Source: European Medicines Agency (EU) Revision Year: 2024 Publisher: Reata Ireland Limited, Block A, Georges Quay Plaza, Georges Quay, Dublin 2, D02 E440 Ireland
Skyclarys is indicated for the treatment of Friedreich’s ataxia in adults and adolescents aged 16 years and older.
Omaveloxolone should be initiated and supervised by physicians with experience in the treatment of patients with Friedreich Ataxia.
The recommended dose is 150 mg omaveloxolone (3 hard capsules of 50 mg each) once daily.
Medicine lost through emesis should not be replaced with an additional dose.
If a dose is missed, the next dose should be taken as usual the following day. A double dose should not be taken to make up for a missed dose.
The recommended dosages for concomitant use of omaveloxolone with strong or moderate cytochrome P450 (CYP) 3A4 inhibitors or inducers are described in Table 1 (see sections 4.4 and 4.5).
Table 1. Recommended dosage modifications of omaveloxolone with concomitant use of CYP3A4 inhibitors:
Concomitant Drug Class | Dosage Recommendation |
---|---|
Strong CYP3A4 inhibitor | Recommended to avoid concomitant use. If coadministration cannot be avoided: • Reduce the dosage of Skyclarys to 50 mg |
Moderate CYP3A4 inhibitor | Recommended to avoid concomitant use. If coadministration cannot be avoided: • Reduce the dosage of Skyclarys to 100 mg once daily with close monitoring for adverse reactions. • If adverse reactions emerge, further reduce the dosage of Skyclarys to 50 mg once daily. |
No dose adjustment is required based on age (see section 5.2).
No dose adjustment is required in patients with mild hepatic impairment (Child-Pugh Class A).
The dose should be reduced to 100 mg once daily with close monitoring for adverse reactions in patients with moderate hepatic impairment (Child-Pugh Class B). Lowering to 50 mg once daily should be considered if adverse reactions emerge.
The use of the medicinal product should be avoided in patients with severe hepatic impairment (Child-Pugh Class C) (see section 5.2).
The effect of moderate and severe renal impairment on the pharmacokinetics of omaveloxolone has not been studied (see section 5.2).
The safety and efficacy of Skyclarys in children and adolescents aged less than 16 years have not yet been established. No data are available.

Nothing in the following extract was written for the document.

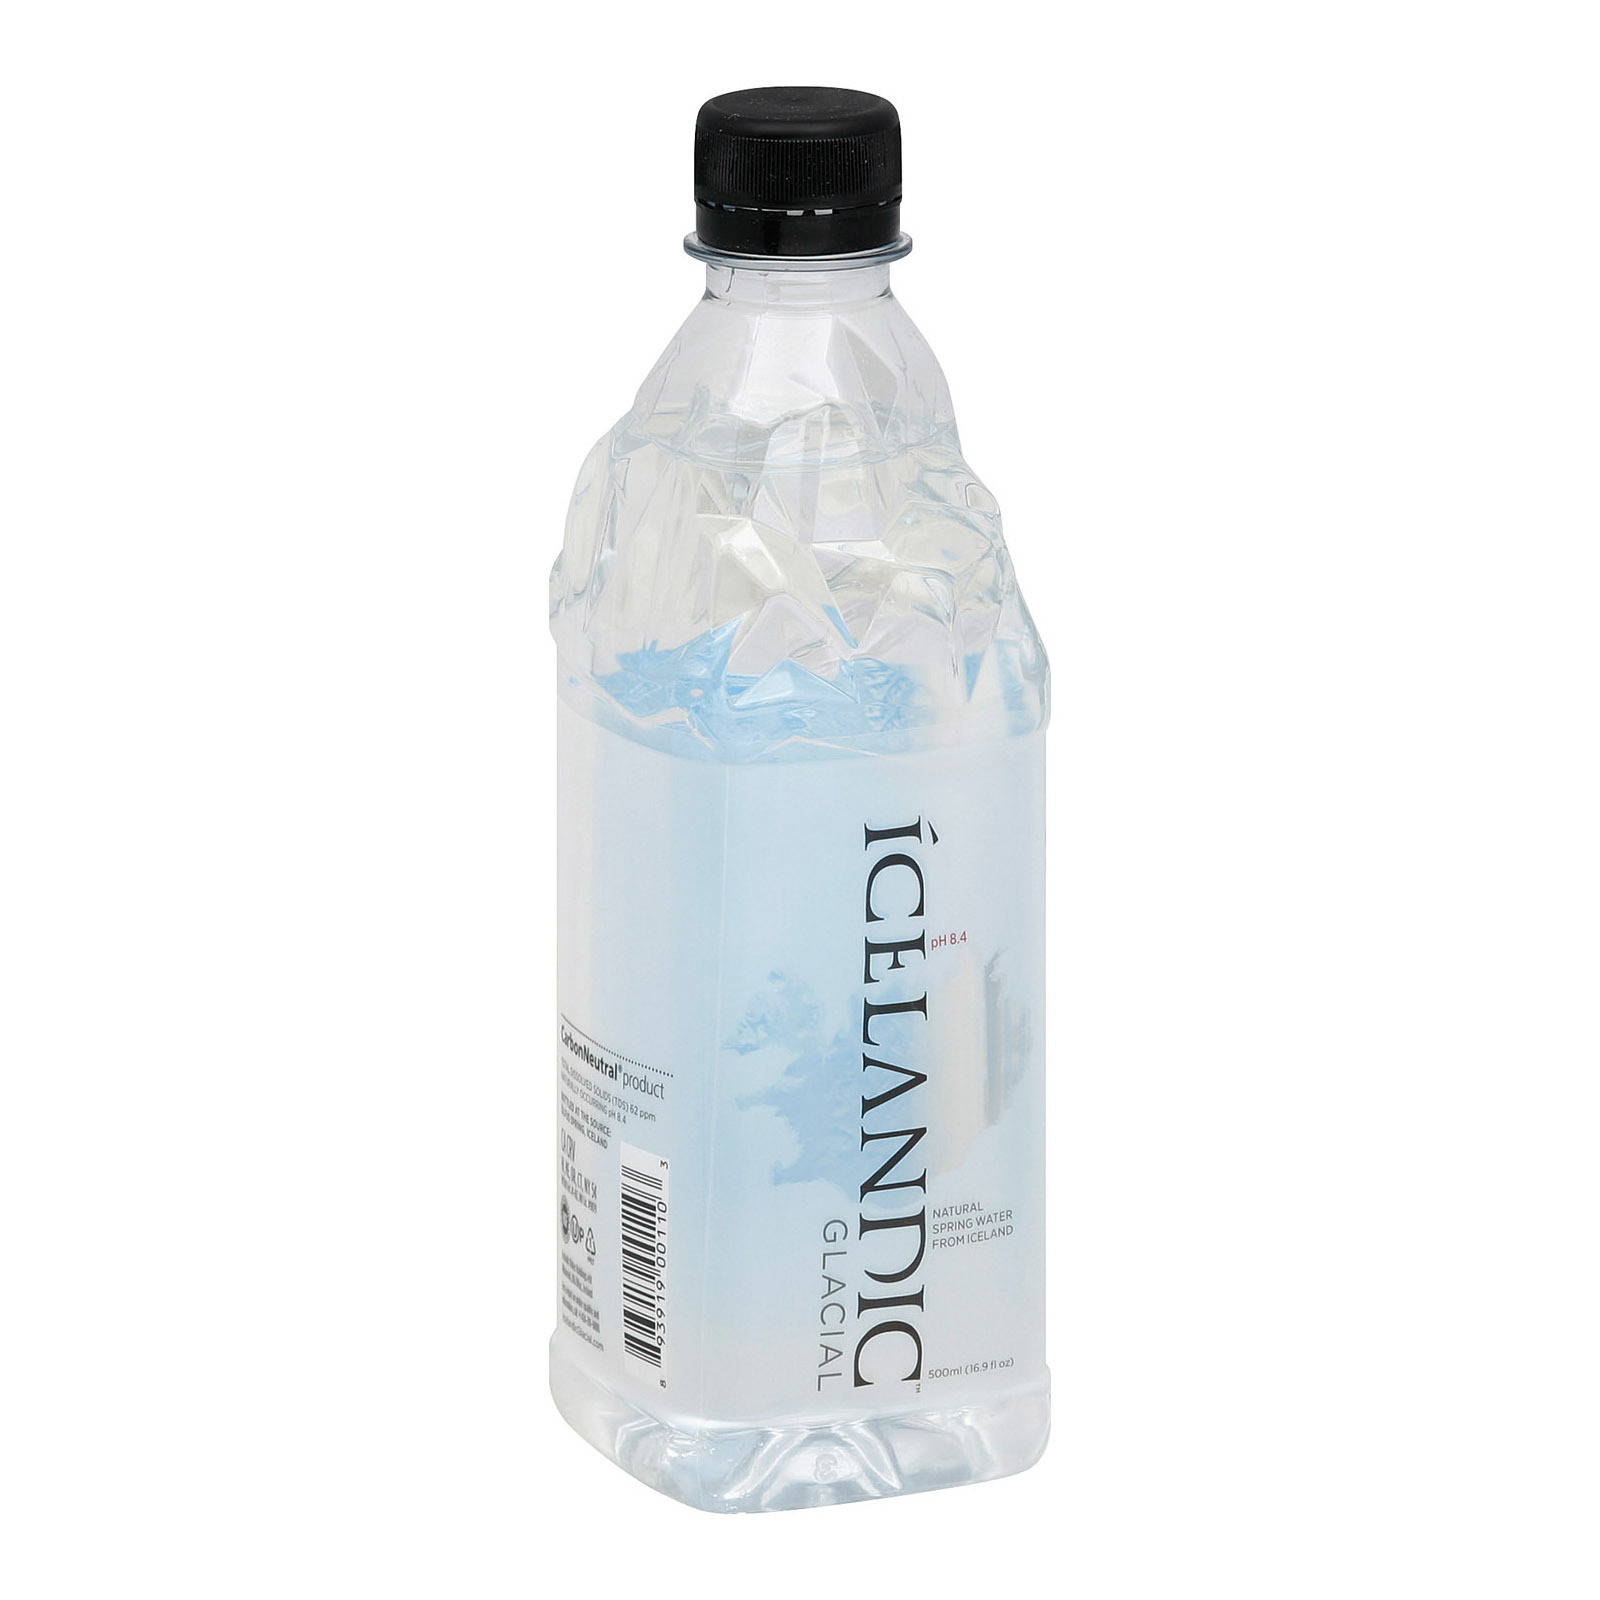 Icelandic Glacial Water, 16.9 Fl oz

This medicinal product is for oral use.
Omaveloxolone should be taken on an empty stomach at least 1 hour before or 2 hours after eating (see sections 4.5 and 5.2).

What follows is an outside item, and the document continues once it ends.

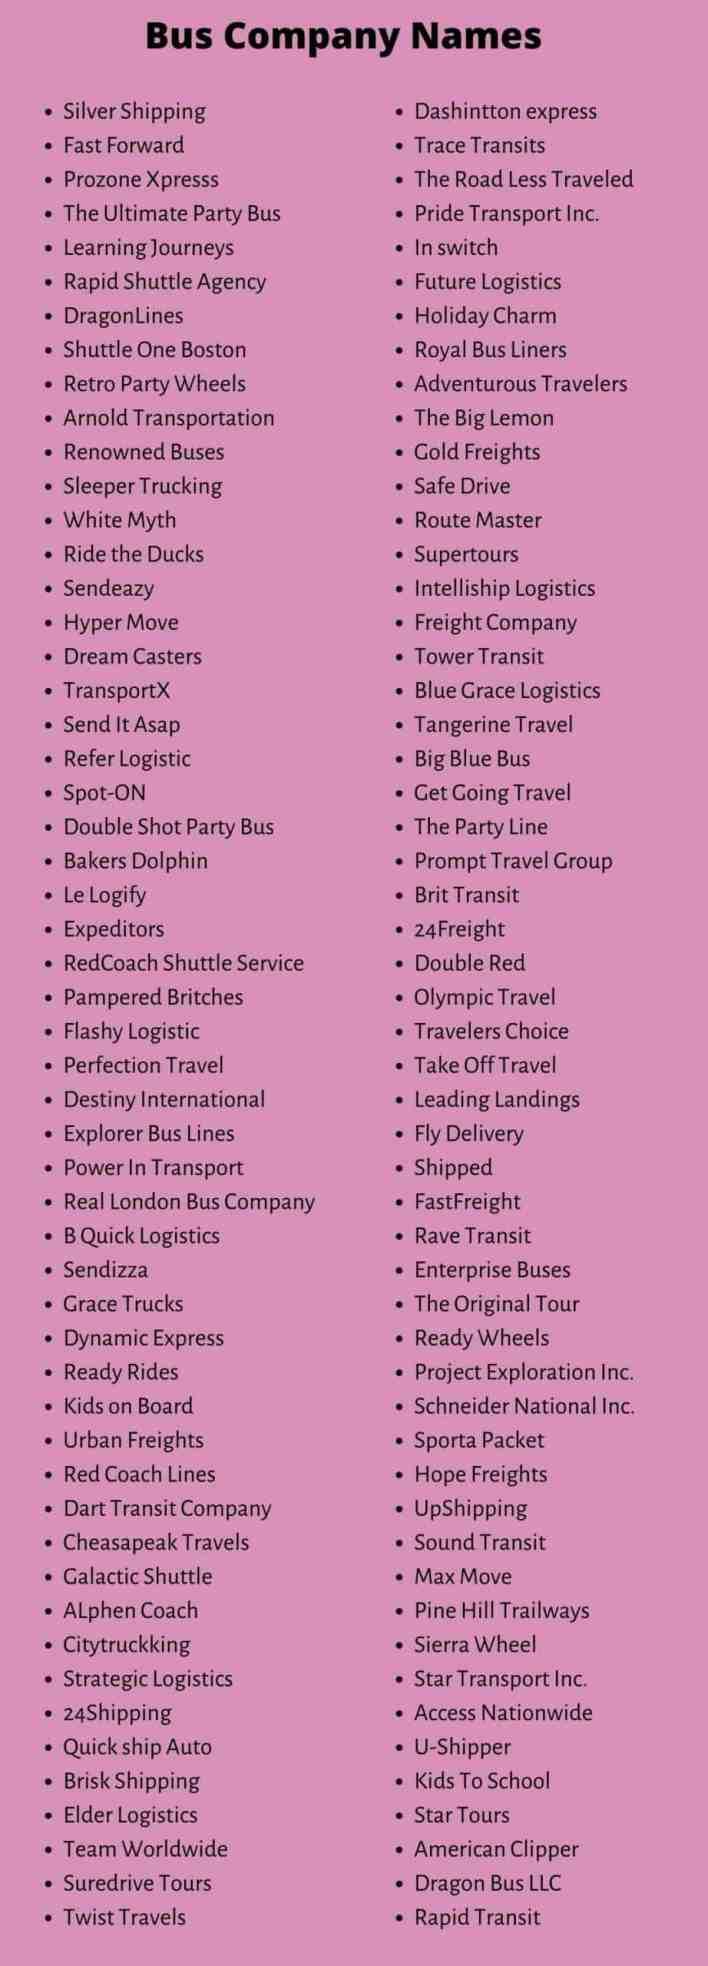 Bus Company Names

Skyclarys capsules should be swallowed whole.
For patients who are unable to swallow whole capsules, Skyclarys capsules may be opened, and the entire contents sprinkled onto 2 tablespoons of apple puree. Patients should consume all the medicine/food mixture immediately on an empty stomach at least 1 hour before or 2 hours after eating. It should not be stored for future use (see section 5.2).
There is no specific antidote for Skyclarys. For patients who experience overdose, closely monitor and provide appropriate supportive treatment.
4 years.
This medicinal product does not require any special storage conditions.
High density polyethylene bottles with child-resistant, foil induction-sealed polypropylene closure.
Pack size of 90 capsules.
Pack size of 270 (3 packs of 90) capsules.
Not all pack sizes may be marketed.
Any unused medicinal product or waste material should be disposed of in accordance with local requirements.